603 P.2d 41, 25 Cal. 3d 891, 160 Cal. Rptr. 124
CourtCalifornia Supreme Court
DecidedDecember 6, 1979
DocketDocket Nos. S.F. 23863, 23868
StatusPublished
Cited by166 cases

This text of 603 P.2d 41 (Consumers Lobby Against Monopolies v. Public Utilities Commission) is published on Counsel Stack Legal Research, covering California Supreme Court primary law. Counsel Stack provides free access to over 12 million legal documents including statutes, case law, regulations, and constitutions.

Bluebook
Consumers Lobby Against Monopolies v. Public Utilities Commission, 603 P.2d 41, 25 Cal. 3d 891, 160 Cal. Rptr. 124 (Cal. 1979).

Opinions

[897]*897Opinion

MOSK, J.

The primary issue in these two consolidated proceedings is whether the Public Utilities Commission (commission) has authority to award attorney fees and costs to public interest participants in its proceedings.

Consumers Lobby Against Monopolies (CLAM) v. Public Utilities Commission (S.F. 23863) presents two questions: first, does the commission possess the power to award attorney fees and costs in quasi-judicial reparation proceedings; and second, may a nonattorney be awarded fees and costs when he serves in a representative capacity in such proceedings. Toward Utility Rate Normalization (TURN) v. Public Utilities Commission (S.F. 23868) raises the issue whether the commission has authority to award attorney fees and costs in quasi-legislative rate-making proceedings.

The commission held in both cases that it lacked the power to award such fees and costs under any statute or equitable theory.1 We conclude that the commission has jurisdiction to award attorney fees and costs pursuant to the equitable “common fund” doctrine in quasi-judicial reparation proceedings, but not in quasi-legislative rate-making proceedings. We further conclude that in the former proceedings nonattorneys may be awarded fees and costs for their services in a representative capacity.

S.F. 23863

David L. Wilner, a nonattorney representing CLAM,2 investigated the alleged failure of Pacific Telephone and Telegraph Company (Pacific) to collect required tariff charges for the removal and replacement of certain equipment on the premises of commercial customers.

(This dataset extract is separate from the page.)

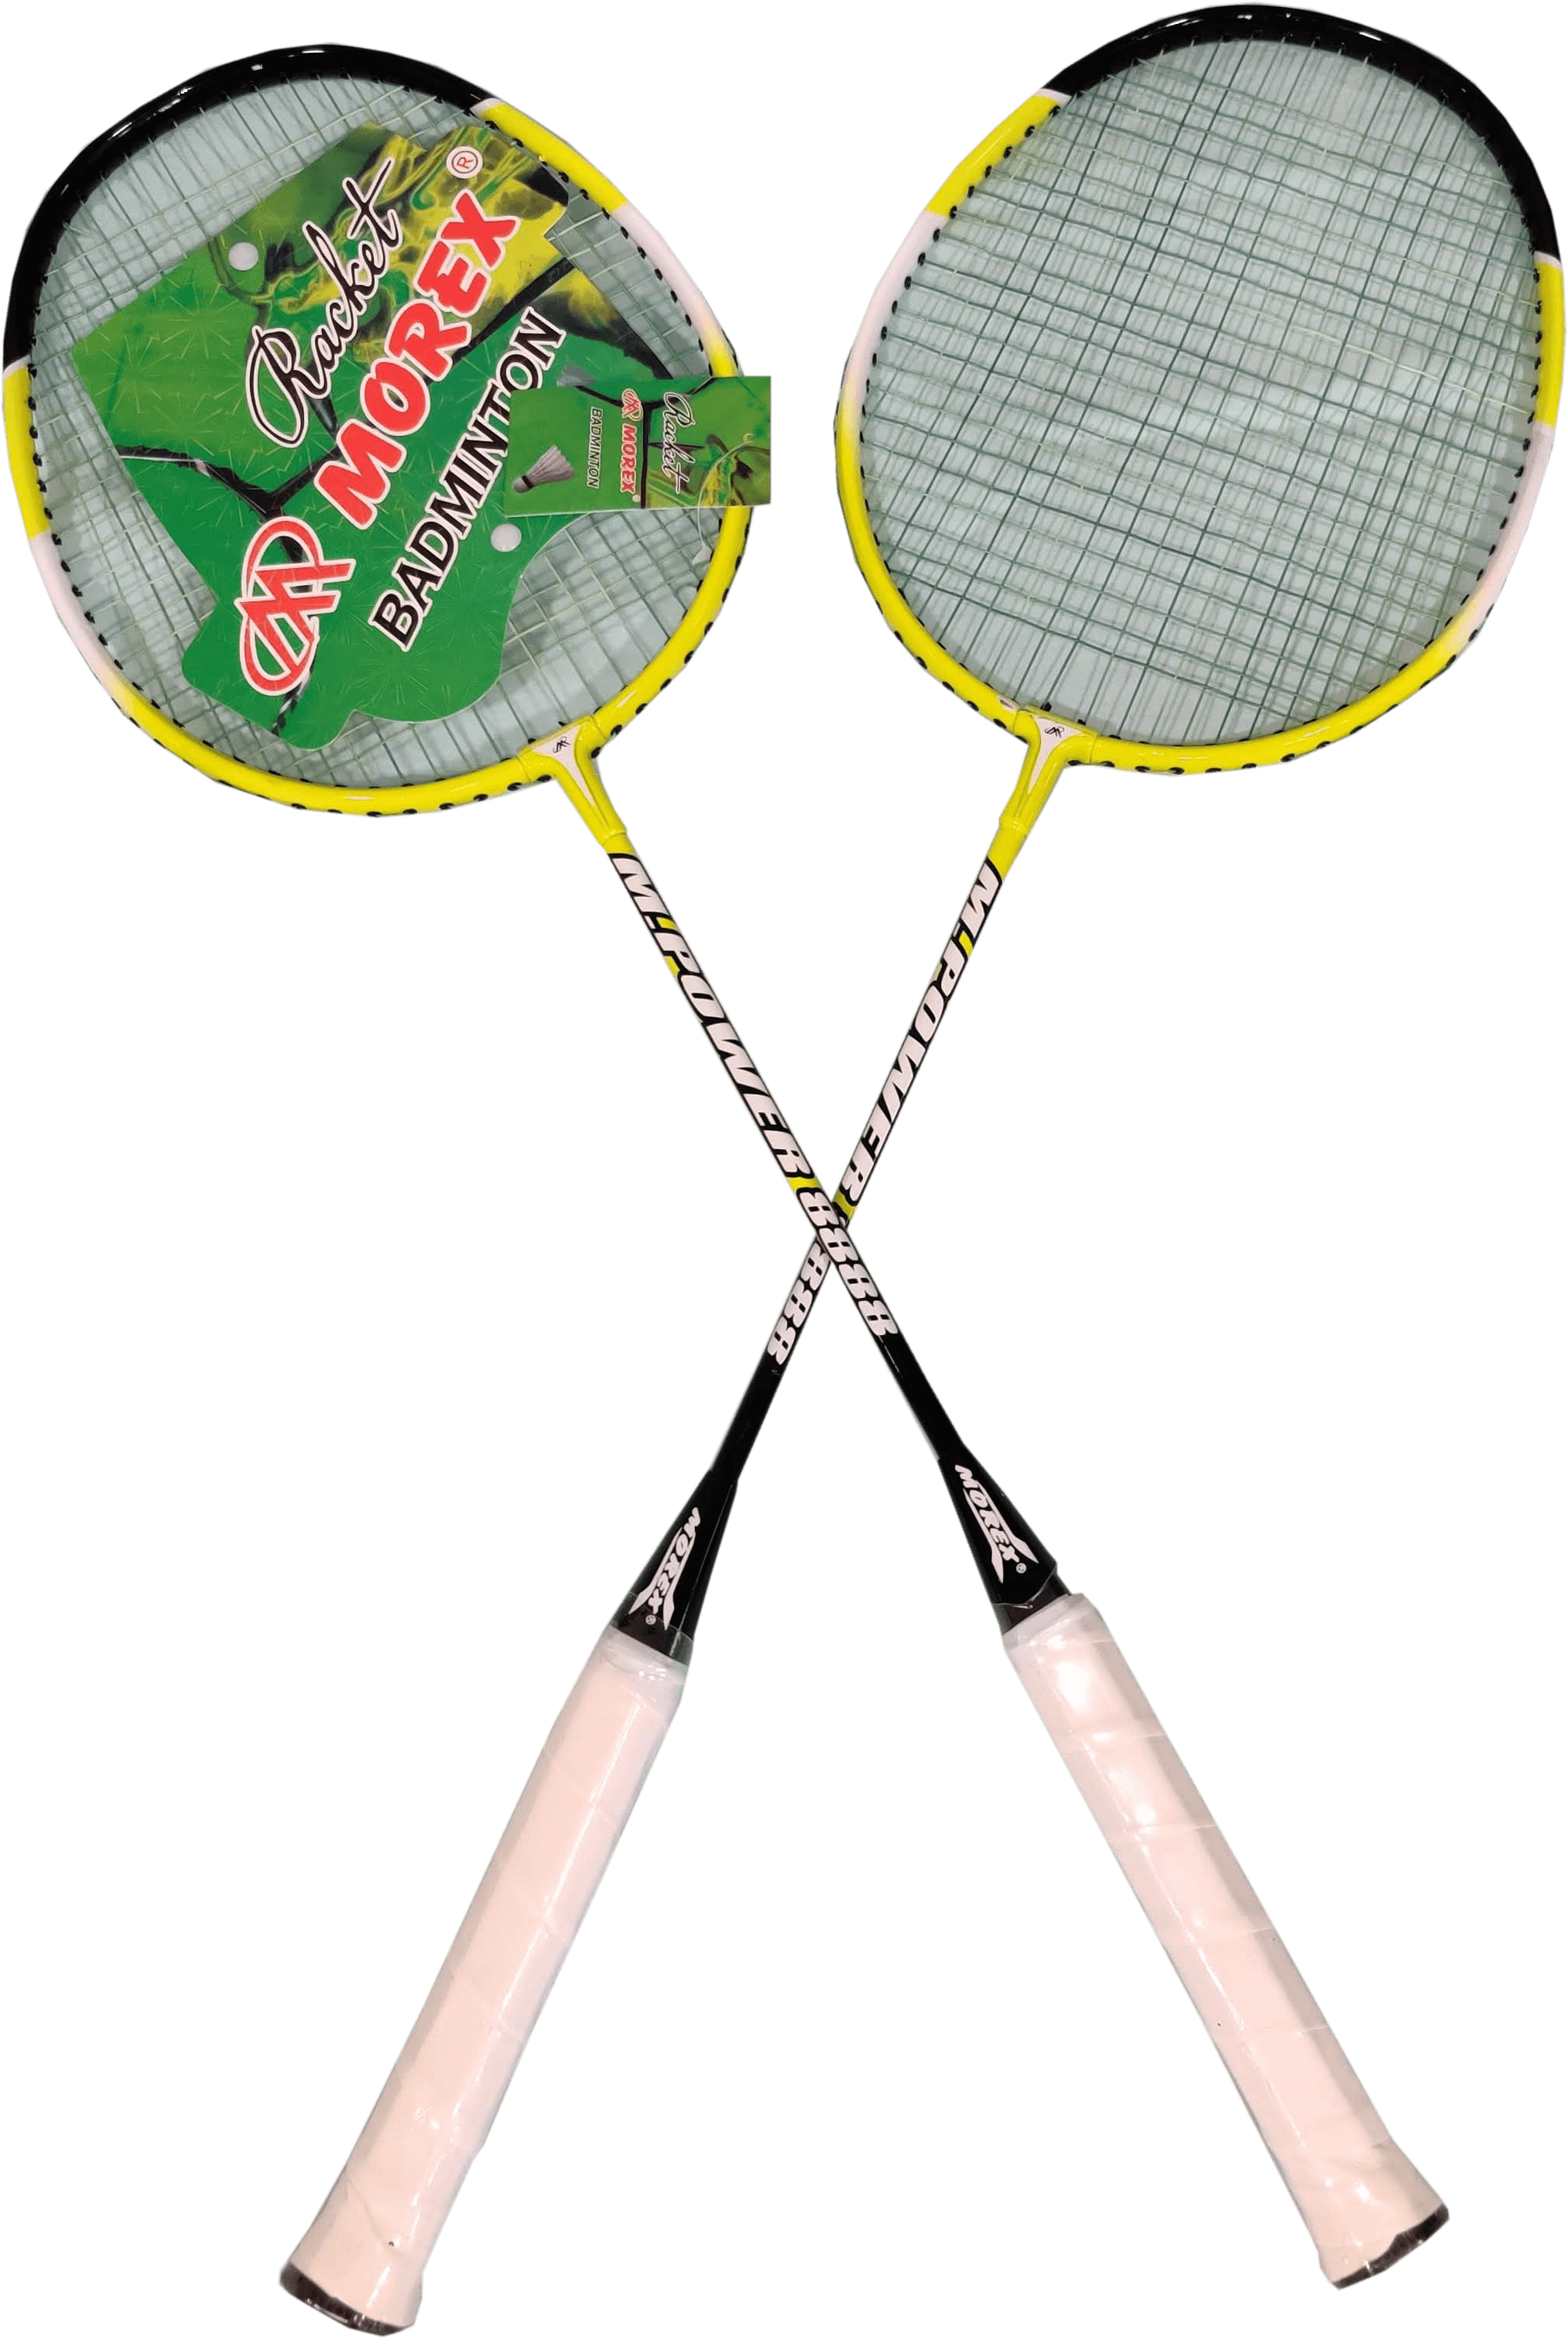 Morex 8888 Badminton Racket

He asked the commission staff to take action against Pacific; the staff declined to do so, explaining that he is “free to develop the record and seek appropriate remedies for [Pacific’s] alleged wrongdoing,” but that “the staff simply lacks the manpower to investigate. . .. ”

[898]*898On behalf of CLAM, Wilner then filed a complaint with the commission alleging that Pacific’s failure to collect the tariff charges shifted the burden of disconnection costs, amounting to several million dollars, from the equipment users to the general ratepayers. The allegations were never tested in a formal hearing, however, because Pacific negotiated a settlement of the controversy. The settlement required Pacific to pay $400,000 from its earned surplus account, and to use the funds for a “public benefit” to be approved by the commission.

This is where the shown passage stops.